Lord Ayve's strong features were suddenly sad, and it struck her all at once how much paler he was than his prisoner, whose skin was a golden tan, and his hair a still darker brown. The Fallen were pale, bone white, with hair like straw. She thought they were beautiful. She knew that the Fallen considered their new forms but shades of their former ones. She had previously thought they'd been lamenting the destruction of their once magnificent wings. Most of the Fallen still had them, bar a few whose wings were so broken and twisted they had to be removed; and perhaps, so the rumors went, a few so saddened by the damage they could no longer bear the sight of them and mutilated themselves further.
"It would be a kindness to slay him now. I do not like to see him like this," Lord Ayve said.
Ah, she thought. Kindness. Compassion. Like the other memories of the time before, they meant little to her. She looked at the angel again, more carefully. She liked to see him like this. It excited her. She tried to understand, but it meant nothing to her. But they were in private, here. She could venture an opinion.
"I do not see it," she admitted.
He merely looked down at her sadly. "We should never have made you. It was very wrong of us."
"But you were lonely, and had never before been able to create anything..." She knew the Cant.
He nodded.
"But why would death be a mercy? He is suffering now, but it will not always be so. All creatures seek survival." Even as she said it, a line from the Cant came to mind, unbidden: Only things that live can die. The Fallen were immortal. It was not the same.
As if he read her thoughts, Lord Ayve continued, "We had thought, though we might fail, and we knew that we would -- must surely -- fail that we would be... annihilated. Or un-made. No more. But He didn't have even that much mercy. Eternal imprisonment is so much worse. They say there is no hope here. It is because there is no hope that it will end."

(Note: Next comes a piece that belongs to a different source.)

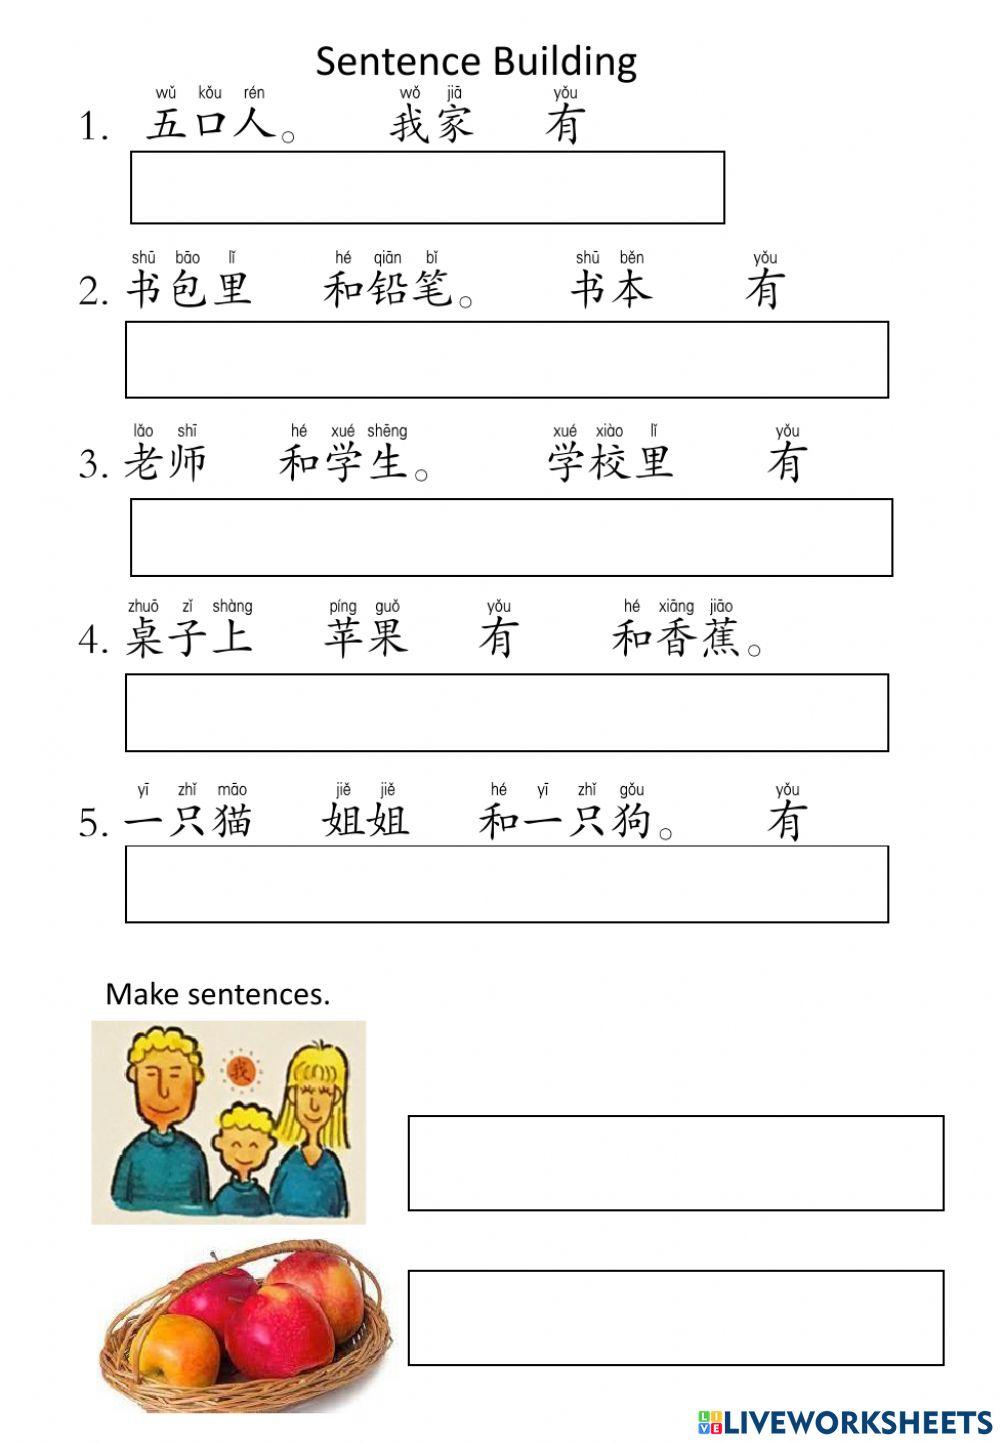 Making Sentences (有）

He left off, and though he was controlled, contained, she had long ago learned to read his subtle shifts of mood -- and the look he pierced her with was appraising. Expectant.
She was sorry to disappoint and lowered her head. "I cannot say that I understand, my Lord."

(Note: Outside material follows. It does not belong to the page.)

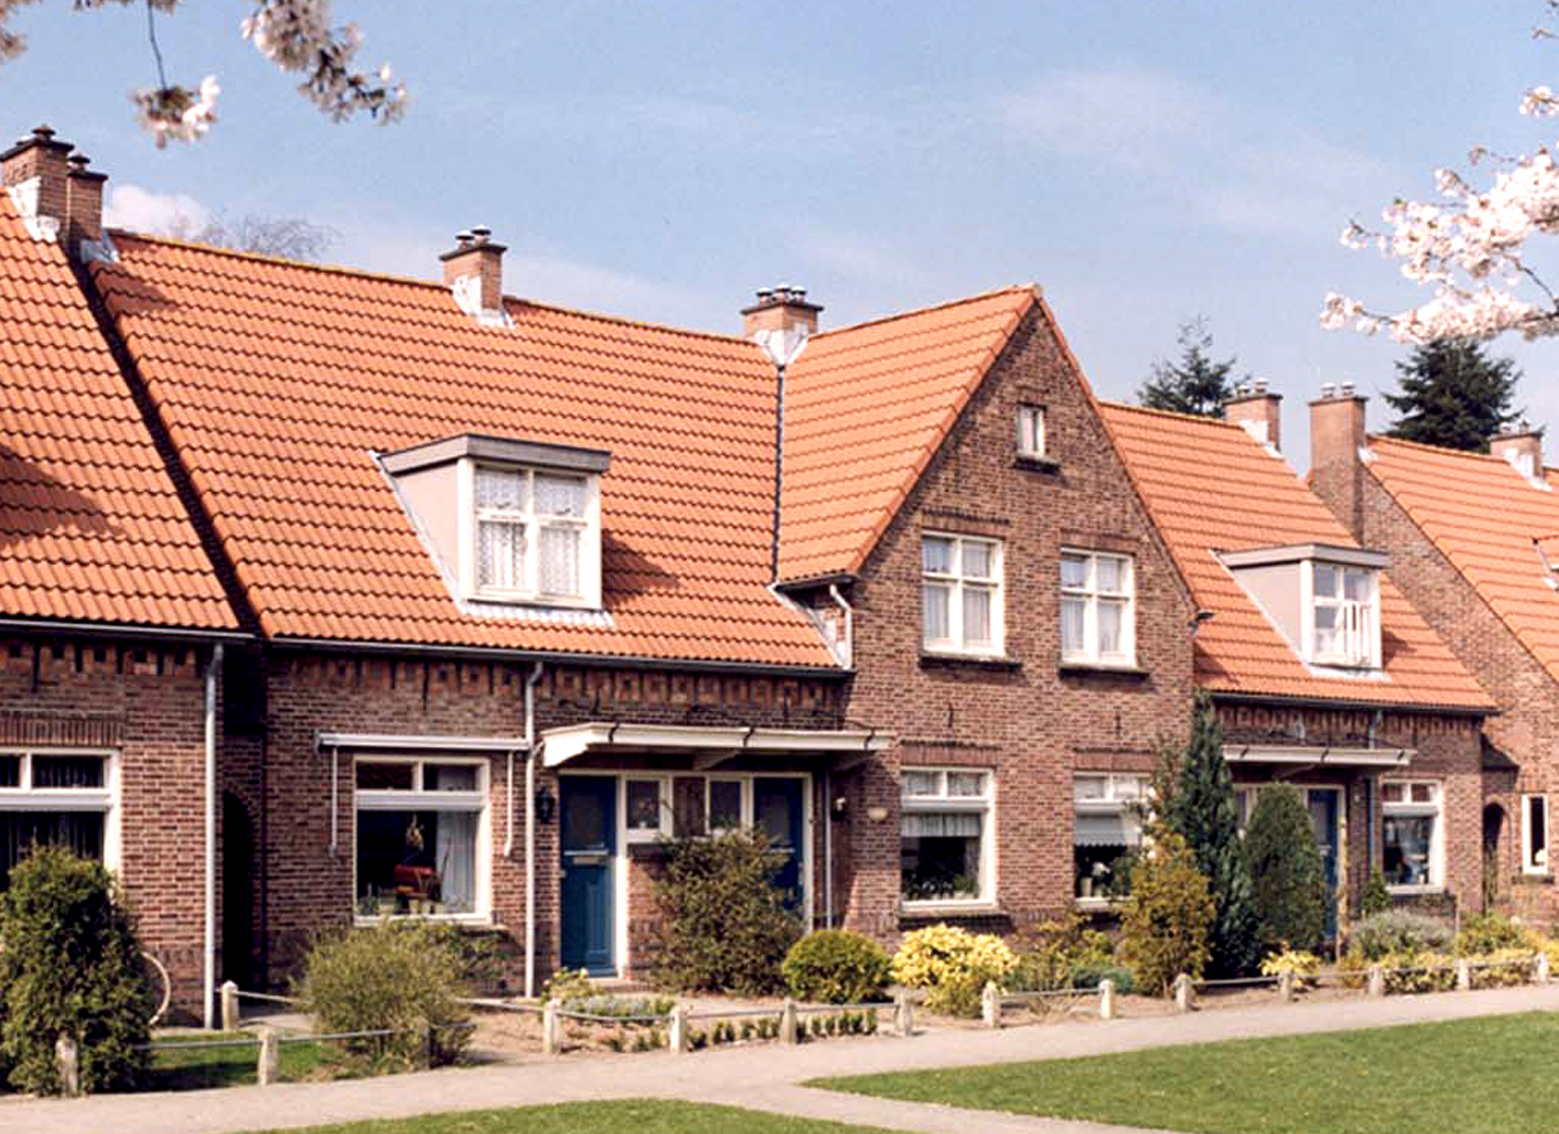 Biezenstraat 54, 7601 VS Almelo, Nederland

"I should not expect you to. This is your home. For us, it is a prison." With a small gesture of his hand, he indicated an 'us,' and she knew that he meant the few Fallen among his household, and the angel that was his prisoner.
***
When Yare'ach woke up, he was startled to find himself being stared at. With sudden terror, he recognized the female's features -- dark pink-red skin, black hair -- for what they were: Hellborn. She was wingless, too, meaning she had been born into one of the later generations. She regarded him with open curiosity. Clearly, she did not consider him a threat.

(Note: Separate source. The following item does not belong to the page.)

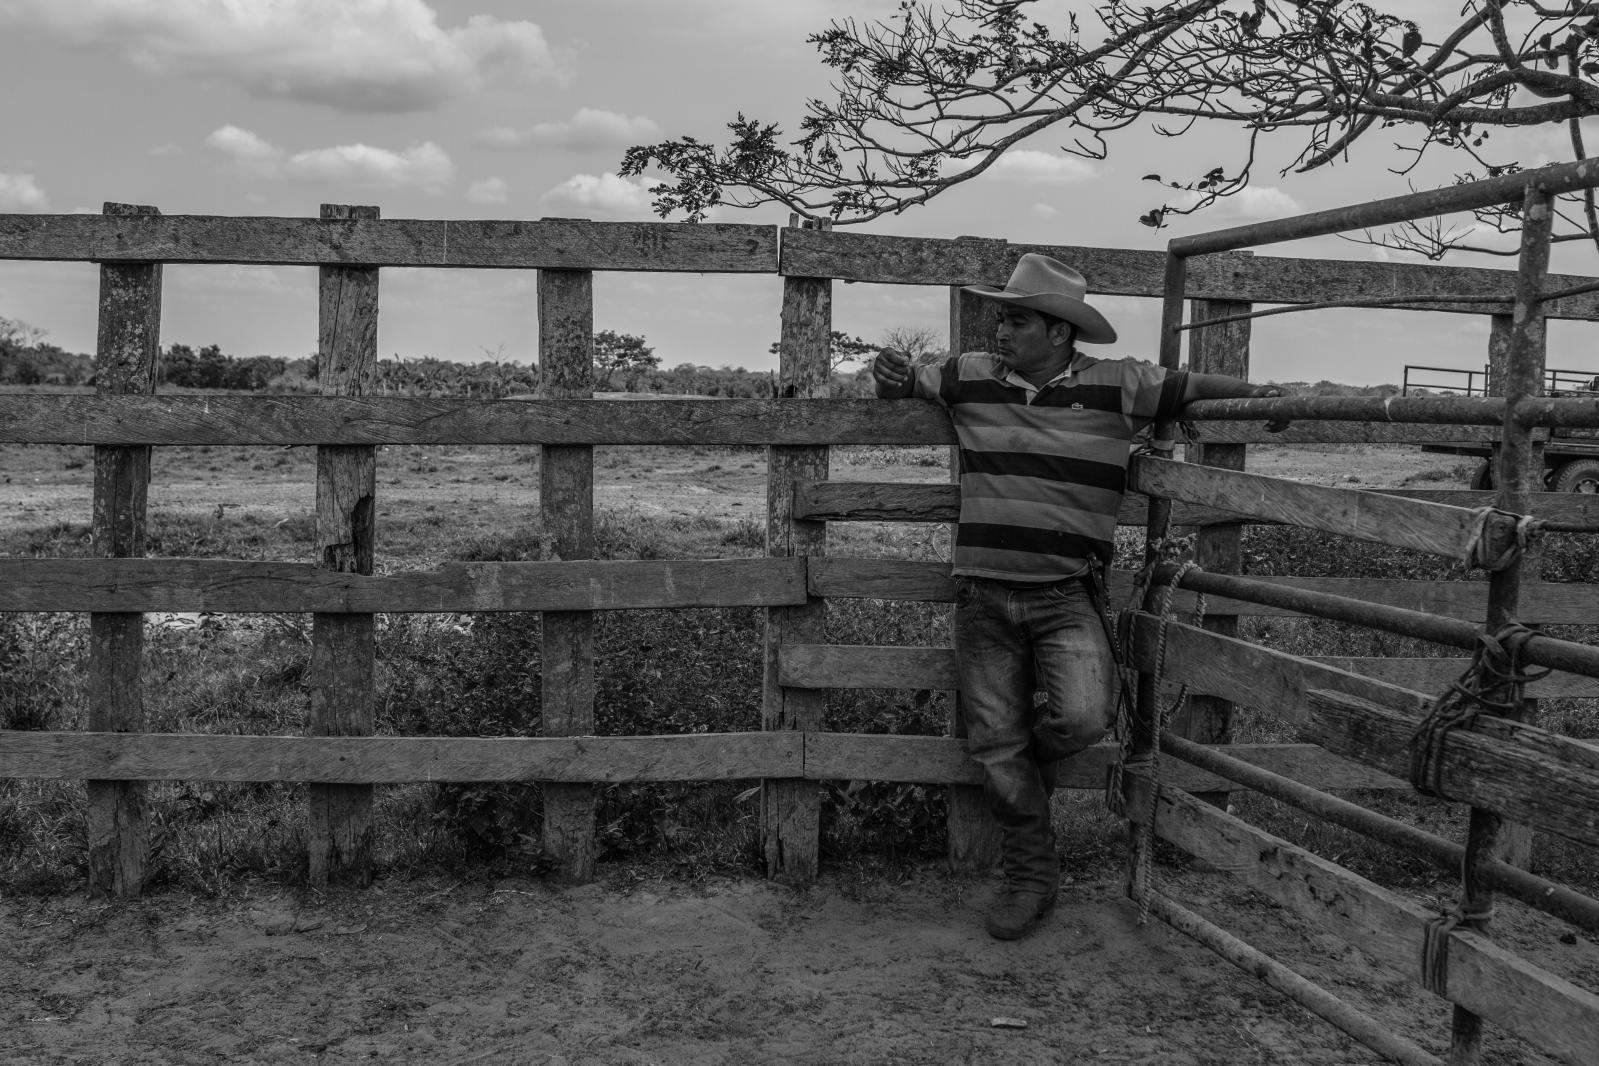 Llaneros Preserve Centuries-old Cattle Ranching Tradition near Venezuelan Border

As he felt the weight of her gaze upon him, his anger and fear became something else, and he found himself pulling his bedding up around his naked body. She smiled. He stared at his hands in horror. Shame. He'd never felt it before. She smirked at him, and he looked away.
They were all clothed here. Those few that he saw, anyway. The clothing didn't seem entirely functional, either, attachment points for this or that. She was the only one who wore a uniform. No one ever spoke to him, and she never allowed him to be alone with the others.